It admits of no question that the St. Louis Company made default in the performance of the rail contract. It failed in the payment of the sum of $21,536.56 on July 10, 1884, for steel rails delivered in June. This default continued throughout the year 1884. Neither the St. Louis Company nor its receiver gave any order or orders for the manufacture of rails for July delivery. On the order for 1500 tons of rails, given for August delivery, the receiver was confessedly not prepared to pay, nor was any provision made by which the Chicago Company could reasonably expect payment therefor on September 10, 1884. The receiver had made every possible effort to raise funds by the sale of receiver's certificates, and had failed. He had nothing to pay with except "certificates," and the Chicago Company had declined to take them. It was certainly not bound to proceed with the manufacture and delivery of rails under the August order, after being notified in advance that the receiver was not prepared, and did not expect to be in funds to pay for the same unless certificates were accepted. For the reason that he had nothing to pay with, except "certificates," the receiver considered, as he stated to the president of the Chicago Company, in a letter dated September 26, 1884, that it would have been wrong to have asked the Chicago Company to make and forward rails without immediate or prospective means of paying for the same. So no further orders were given for rails, although the Chicago Company repeatedly, during August, September, and October, expressed its readiness and ability to fill all orders when the receiver was prepared to pay therefor according to the terms of the contract. The Chicago Company, early in October, indicated its willingness to reduce the price of the undelivered rails to $30 per ton, upon prompt settlement in cash, according to the contract, but this proposition was not accepted.

Under these circumstances there was a clear breach of the rail contract on the part of the St.
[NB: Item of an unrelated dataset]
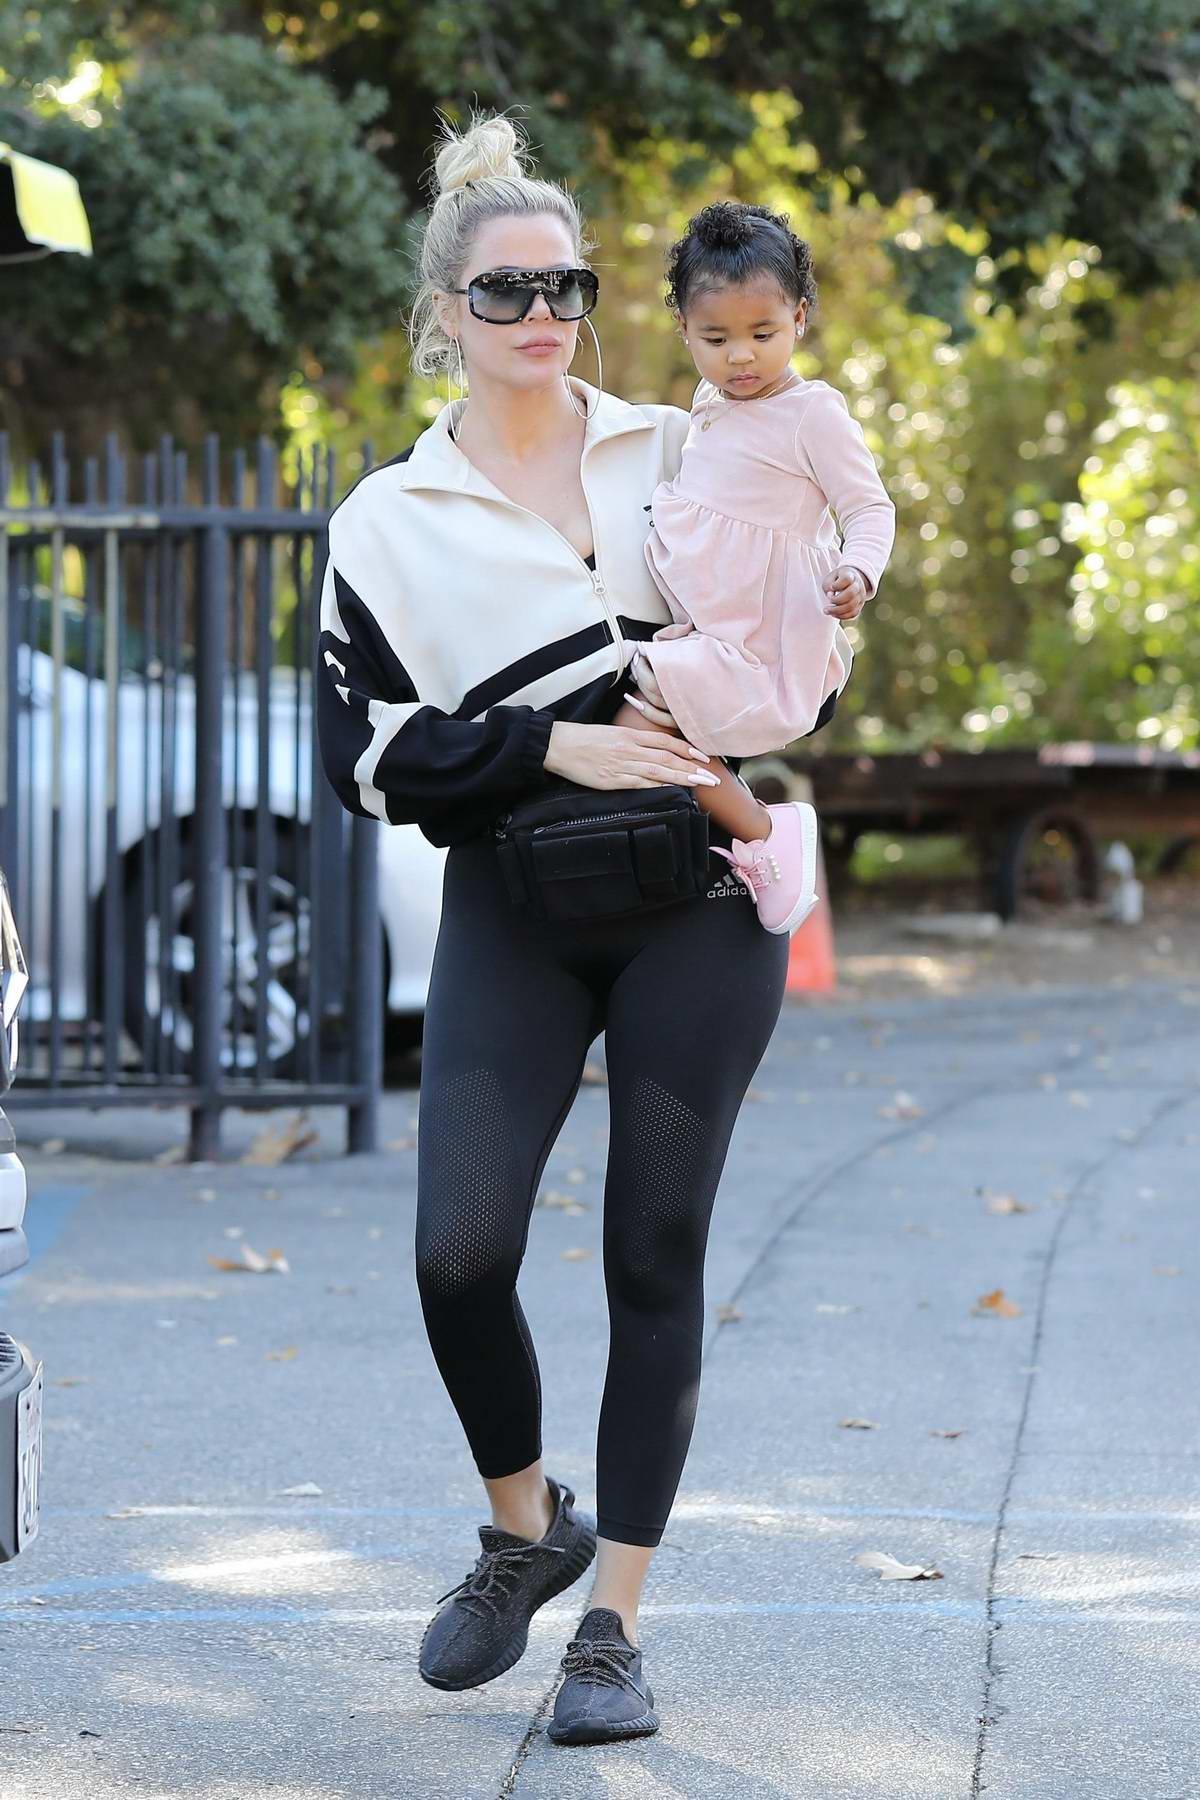 Khloe Kardashian takes her daughter to Farmers Market in Calabasas, California

Louis Company. The first default occurred on July 10, 1884, in failing to pay the amount then due the Chicago Company. It was further in default in not giving an order to manufacture rails for July, which was continued during the succeeding months of the year 1884; so that at the close of December, 1884, when the time for the final performance of the contract expired, there were about 10,618 tons of rails that the St. Louis Company had failed to order, receive, and pay for at the contract price of $35 per ton. Steel rails continued to decline from July, 1884, to January, 1885, the price running down to $29.50 a ton between those dates.
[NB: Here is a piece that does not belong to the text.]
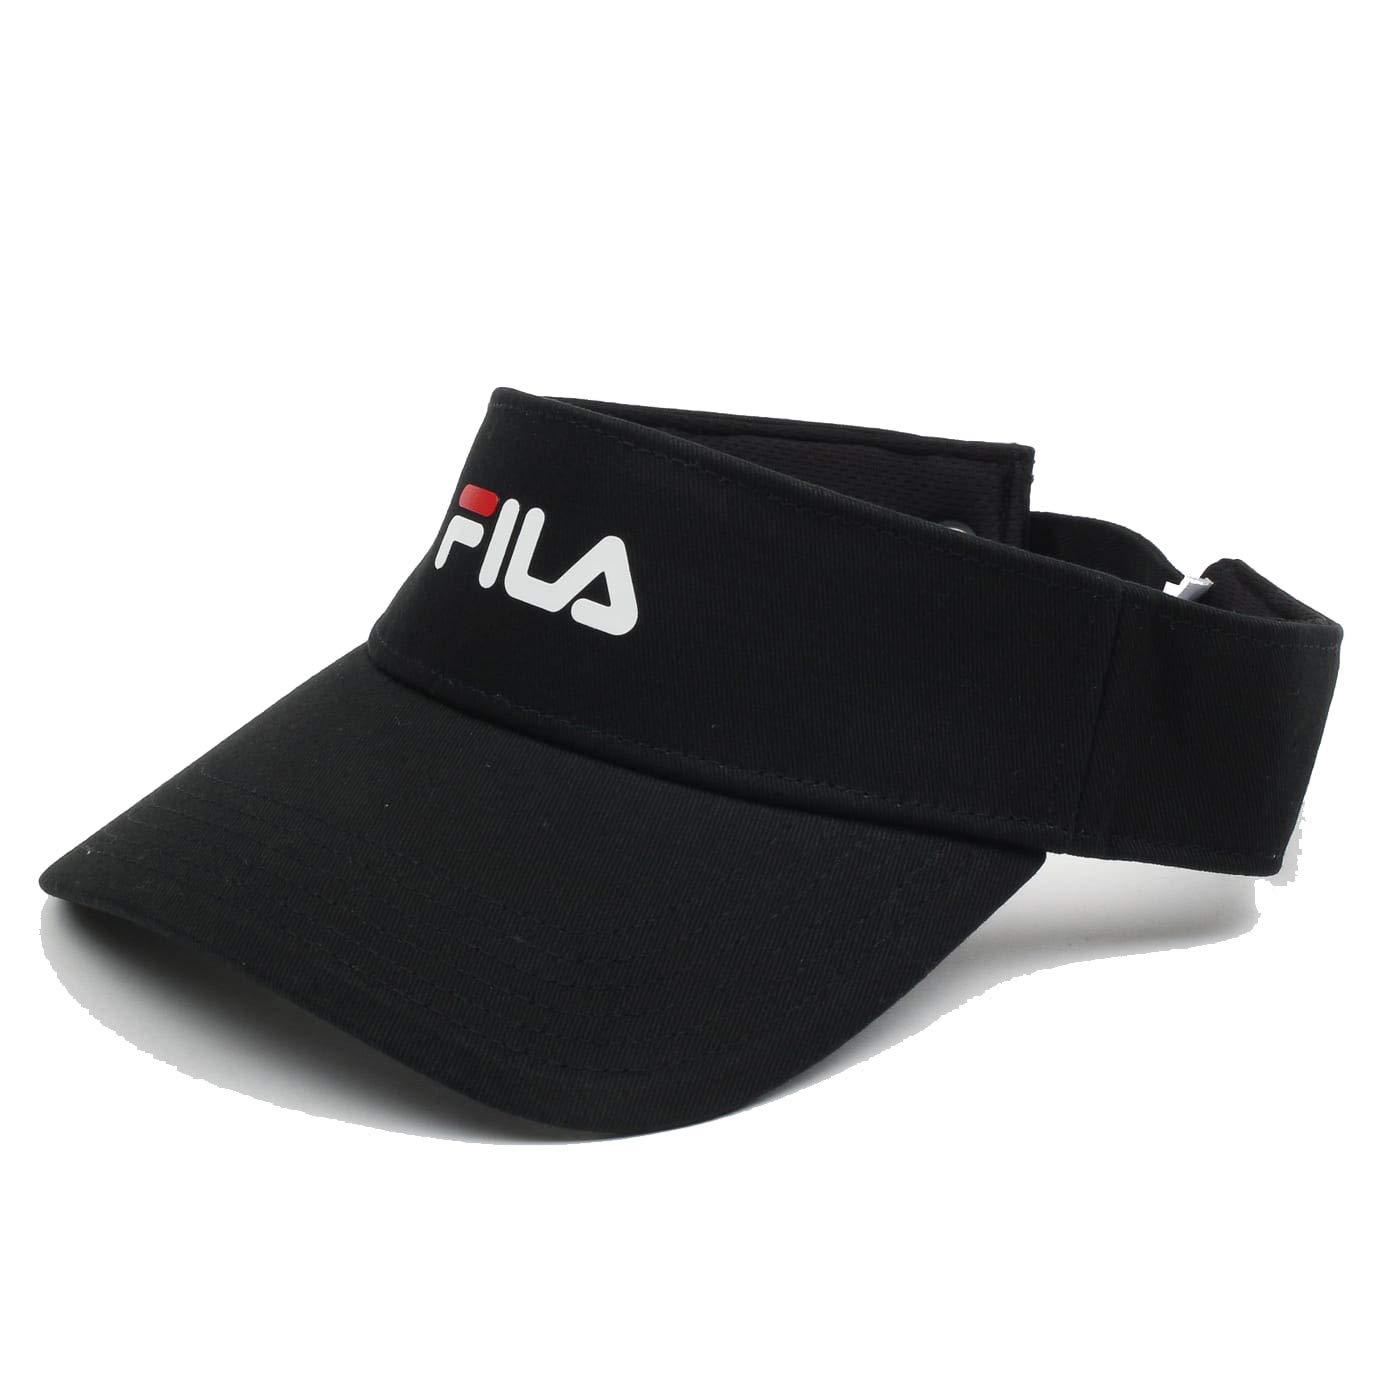 Fila Heritage Cotton Twill Visor Cap Hat Black la912562-001 (Size OS) by Fila

It is claimed for the appellee that as the Chicago Company had not rescinded and terminated the rail contract for the July breaches thereof — if entitled so to do — it was not in a position to bring suit for damages when the garnishor's right became fixed. This, however, does not affect the merits of this case. The Chicago Company was not bound to treat the contract as at an end upon the first breach thereof by the St. Louis Company. It had a right to await the expiration of the time for its final performance, and then make its claim for the entire breach. In the view we take of the question it is not material to determine at what precise date there was such a breach as would entitle the Chicago Company to damages upon the entire contract. The material thing is that the contract (for the breach of which the claim for damages arises) was in existence when the garnishment process was served. It had then been broken in one particular, if not in more, and from the situation and embarrassed condition of the St. Louis Company there was almost a certainty that it would fail to perform the contract in the future. The Chicago Company gave repeated notices to the receiver of its readiness and willingness to fulfil the contract on its part. It could only manufacture rails as they were ordered, and their weights specified. It notified the receiver time and again that it would claim damages. That it sustained damages to the extent of the difference between the contract and the market price of steel rails is clear beyond all controversy. The liability of the St. Louis Company for these damages is equally clear, but the amount thereof being unliquidated could not properly be set off in the attachment proceeding at law. Under these circumstances and conditions, has the Chicago Company any right to relief in equity by way of equitable set-off? Would it be just and equitable to compel the garnishee to pay its indebtedness to the St. Louis Company for the benefit of a stranger, and then be left to either lose its valid claim for damages, or follow its non-resident insolvent debtor into another jurisdiction in the effort, more or less experimental and expensive, to collect such claim? If the St. Louis Company was the beneficial plaintiff in the judgment at law, or the case stood alone between it and the Chicago Company, there could be little or no doubt that a court of equity would, under the facts stated, afford the latter relief by way of equitable set-off.

Cross-demands and counter-claims, whether arising out of the same or wholly disconnected transactions, and whether liquidated or unliquidated, may be enforced by way of set-off whenever the circumstances are such as to warrant the interference of equity to prevent wrong and injustice.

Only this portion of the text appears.